•Rejects Olayede as JAMB registrarBy Sam Otti
The Academic Staff Union of Universities (ASUU) yesterday expressed disappointment with the Federal Government for allegedly violating the agreements both parties reached in 2009 and warned that its members were running out of patience.
The union said Nigerian universities “are sinking in serious financial crisis, with budgetary allocation to education sector dropping from 11 percent in 2015 to a mere eight percent in 2016.”
Addressing newsmen in LASUCOM, Ikeja, Lagos, ASUU President, Biodun Ogunyemi described the current state of the nation as grave and depressing, and called for urgent efforts to rescue the situation.
He accused the federal government of owing the union over N128 billion almost three years after signing of a Memorandum of Understanding (MoU) in 2009.

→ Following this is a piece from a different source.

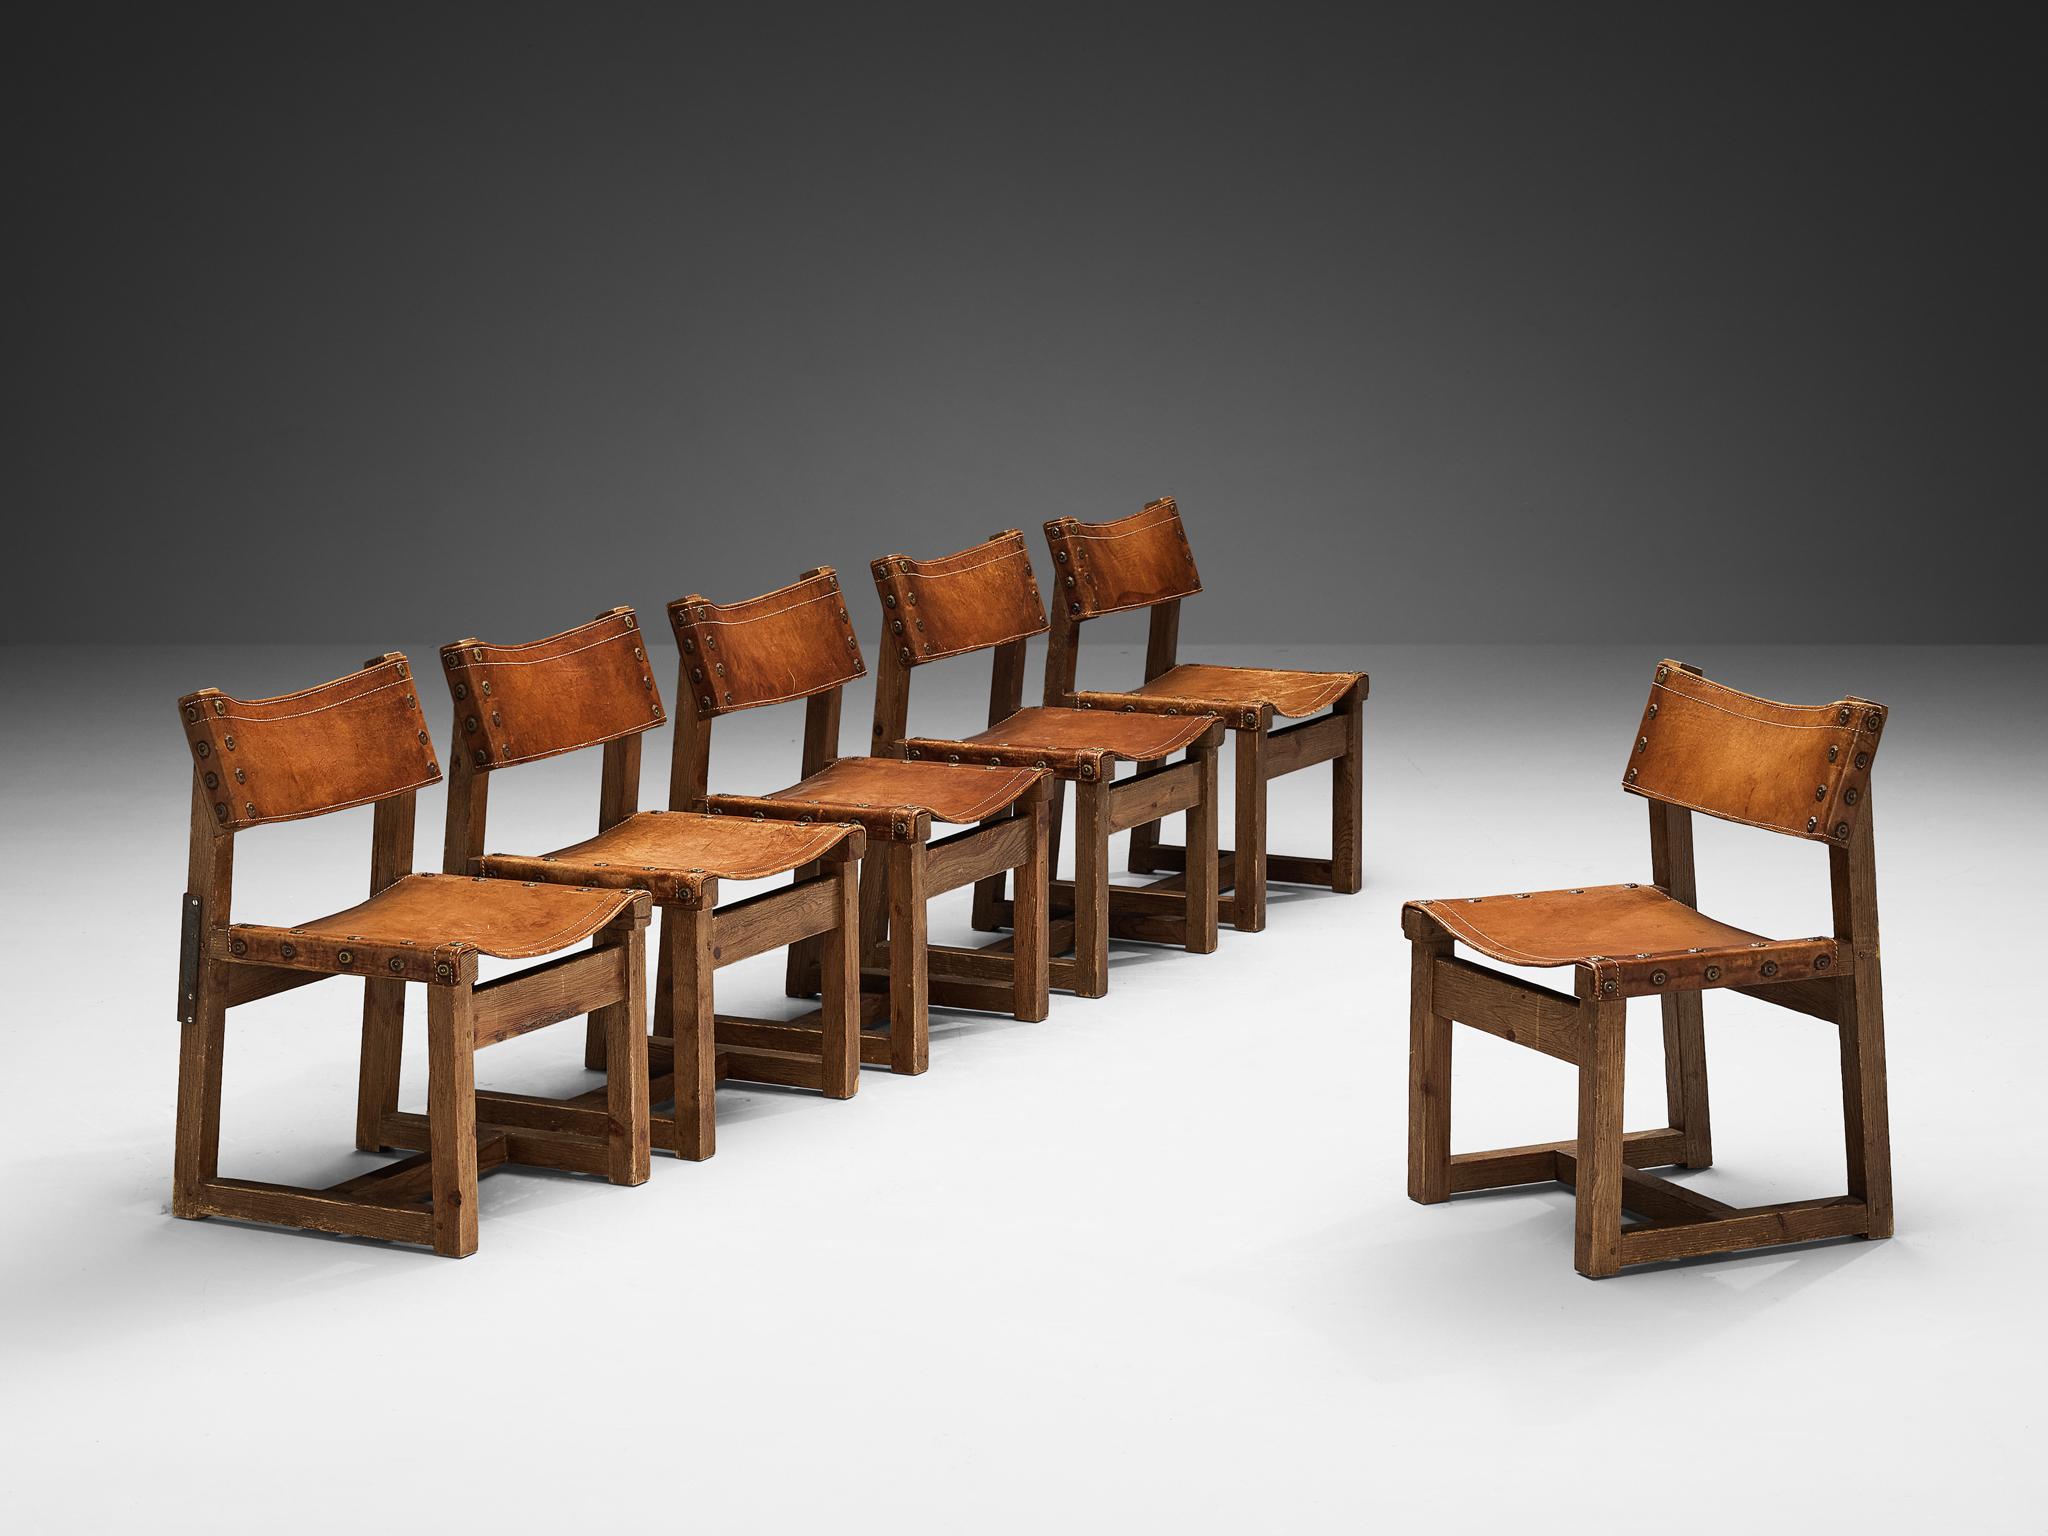 Biosca, Satz von sechs Stühlen, Leder, Eiche, Messing, Spanien, 1960er Jahre 

Robuste Stühle, hergestellt von der spanischen Firma BIOSCA. Diese Stühle sind aus Eichenholz gefertigt und mit cognacfarbenen Ledersitzen ausgestattet. Die Stühle haben

Ogunyemi said government’s reluctance to implement the regime of allowances and other aspects of the 2009 agreement has provoked relentless agitation and called for decisive steps to douse the mounting tension in universities across the nation.
“Out of the N30 billion disbursed in 2013, only about N13 billion went into part settlement of the claims of academic staff in the universities, leaving behind a huge amount to be settled by government. The inability of the government to honour and fully implement these aspects of the 2013 MoU is generating unprecedented level of agitations on our campuses,” he said.
“Our members are running out of patience. If their patience gets to the boiling point and they can no longer contain that, they will tell us what to do,” he added.
The ASUU president also decried the infrastructure decay in state universities in the country, which he said was part of the issues addressed in the 2009 FG/ASUU agreement.
He said some state governments that failed to fulfill their obligations towards existing universities went ahead to establish new ones. Citing Edo, Ondo and Bayelsa states, as examples, he noted that one common thread in the so called world-class universities was their location in communities where the founding governors came from.
The union urged the National Universities Commission to stop licensing more state universities, especially, where a state is struggling to fund the existing ones.
ASUU also condemned the appointment of the former Vice Chancellor, University of Ilorin, Prof Ishaq Oloyede, as the Registrar, Joint Admission and Matriculation Board (JAMB), describing him as anti-democratic.
“Prof Oloyede is the last person that we expected to be so honoured with a national appointment of that status in the education sector,” the union insisted.
ASUU President said the union wont attend any meeting where Prof Oloyede would be present, warning that his antecedents towards the union precluded him from heading a unit like JAMB, where he would need to interact with ASUU directly or through members of the union.
Ogunyemi said the union has resolved to lodge an official complaint with the appropriate authorities and to demand a full-fledged investigation into Oloyede’s tenure as the Vice Chancellor of Unilorin.